:: Source records ::
----------

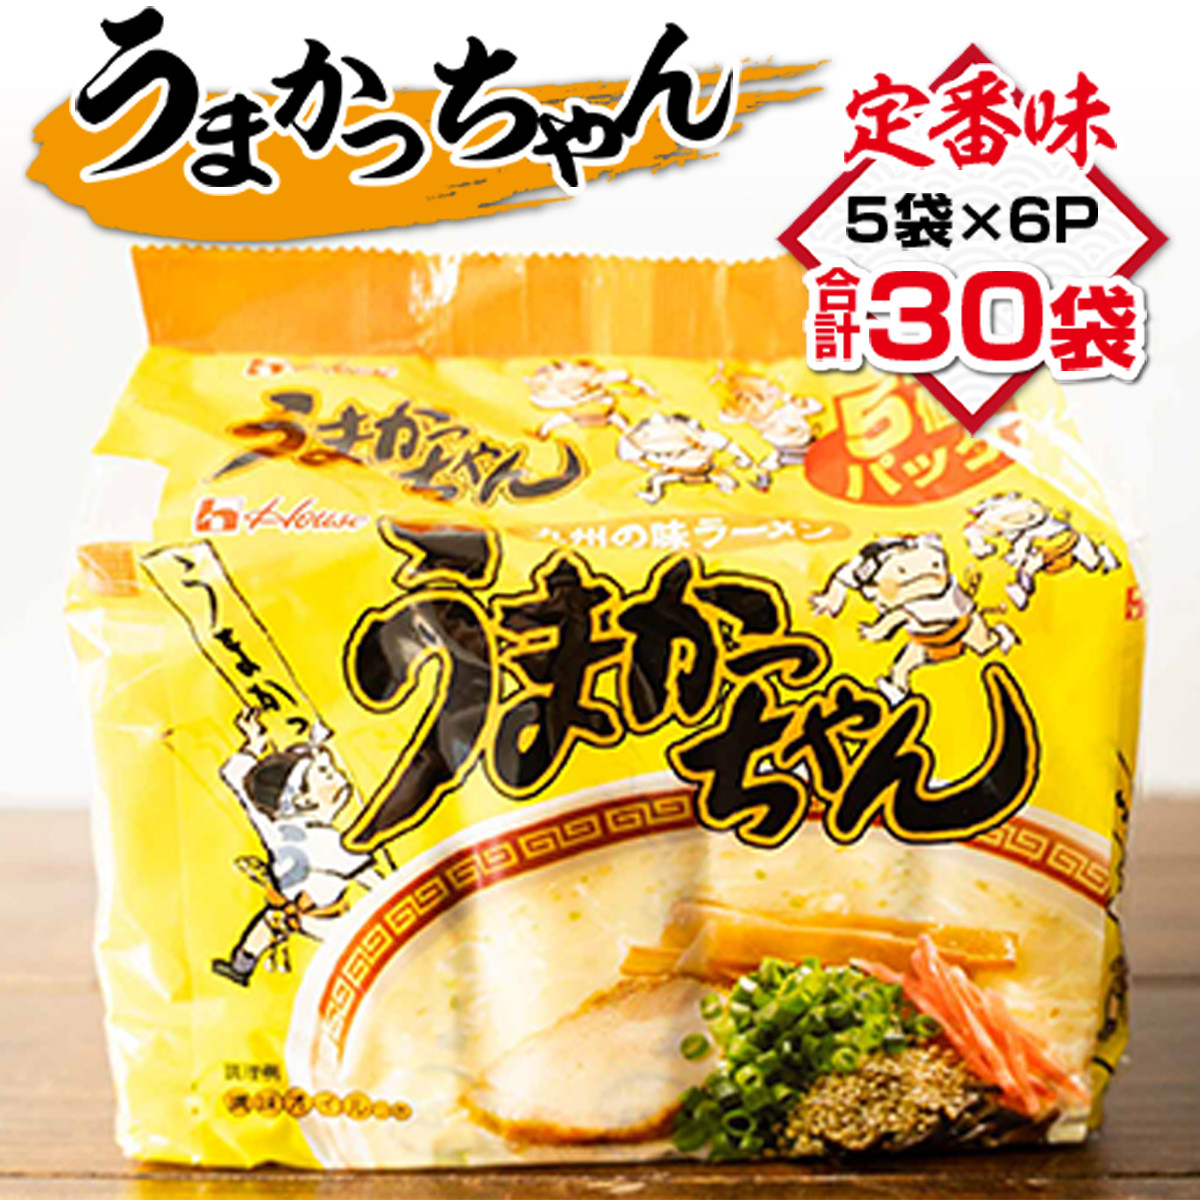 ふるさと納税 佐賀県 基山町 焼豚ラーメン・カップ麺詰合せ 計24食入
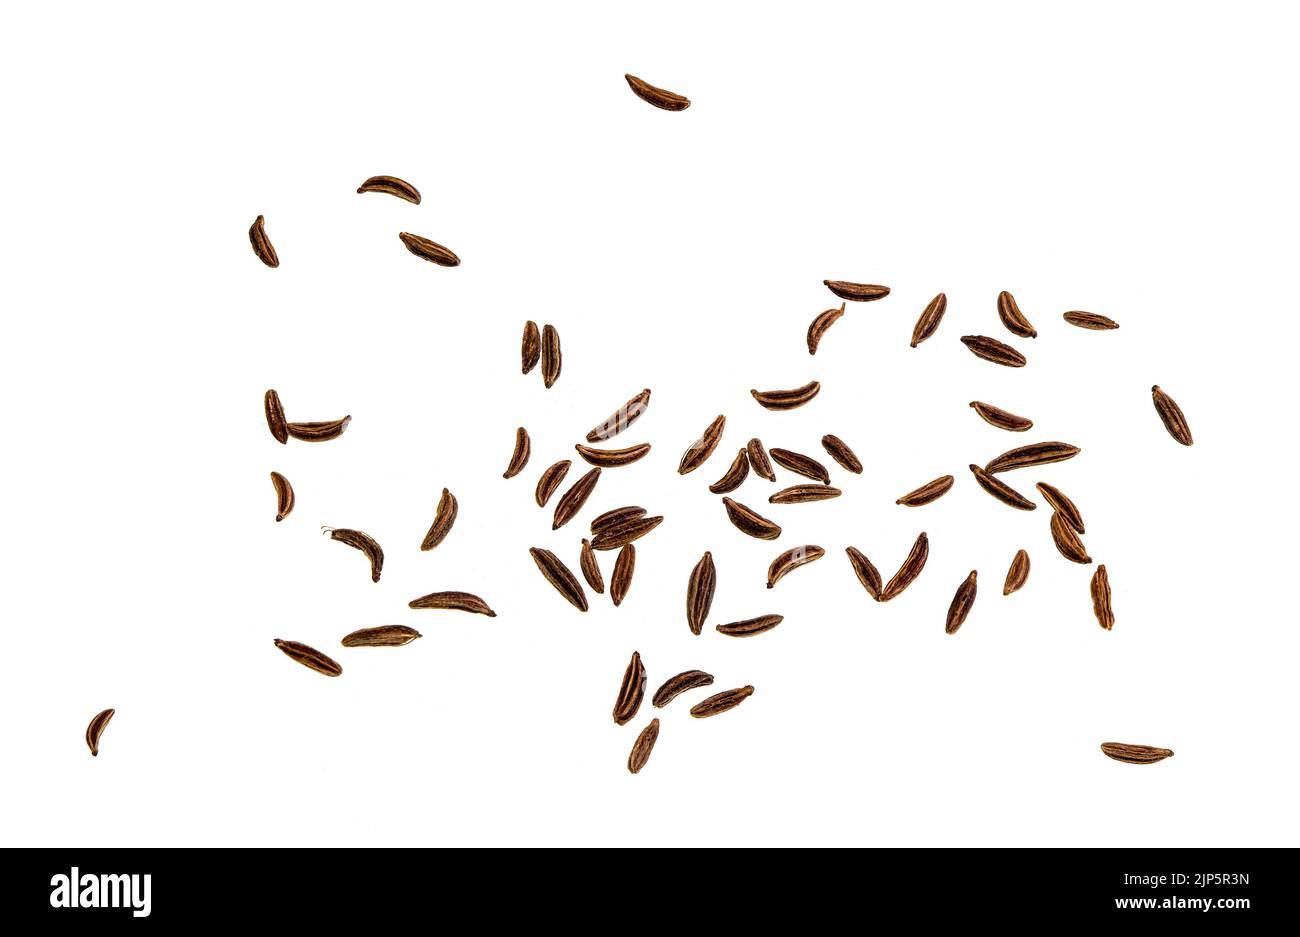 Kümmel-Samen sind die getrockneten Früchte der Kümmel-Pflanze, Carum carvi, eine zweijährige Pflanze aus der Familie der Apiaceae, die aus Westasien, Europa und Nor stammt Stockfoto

----------

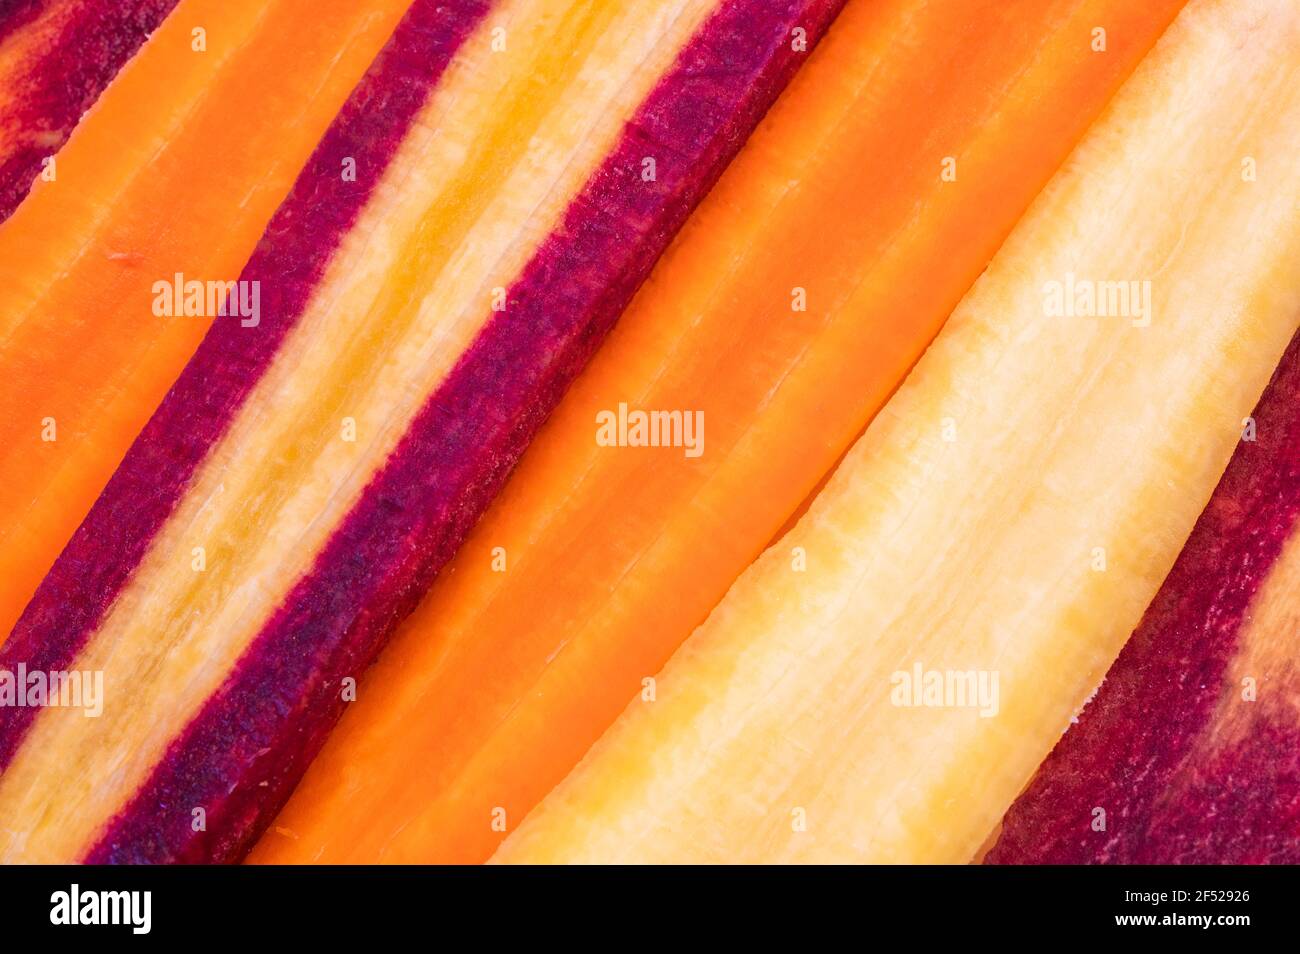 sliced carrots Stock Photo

----------

:: Task statement ::
Copy exactly the lines of the entries above from the one containing "ふるさと納税 佐賀県 基山町 焼豚ラーメン・カップ麺詰合せ 計24食入" through the one containing "Kümmel-Samen sind die". Both end lines count; pictures do not.

:: Answer box ::
 ふるさと納税 佐賀県 基山町 焼豚ラーメン・カップ麺詰合せ 計24食入
 Kümmel-Samen sind die getrockneten Früchte der Kümmel-Pflanze, Carum carvi, eine zweijährige Pflanze aus der Familie der Apiaceae, die aus Westasien, Europa und Nor stammt Stockfoto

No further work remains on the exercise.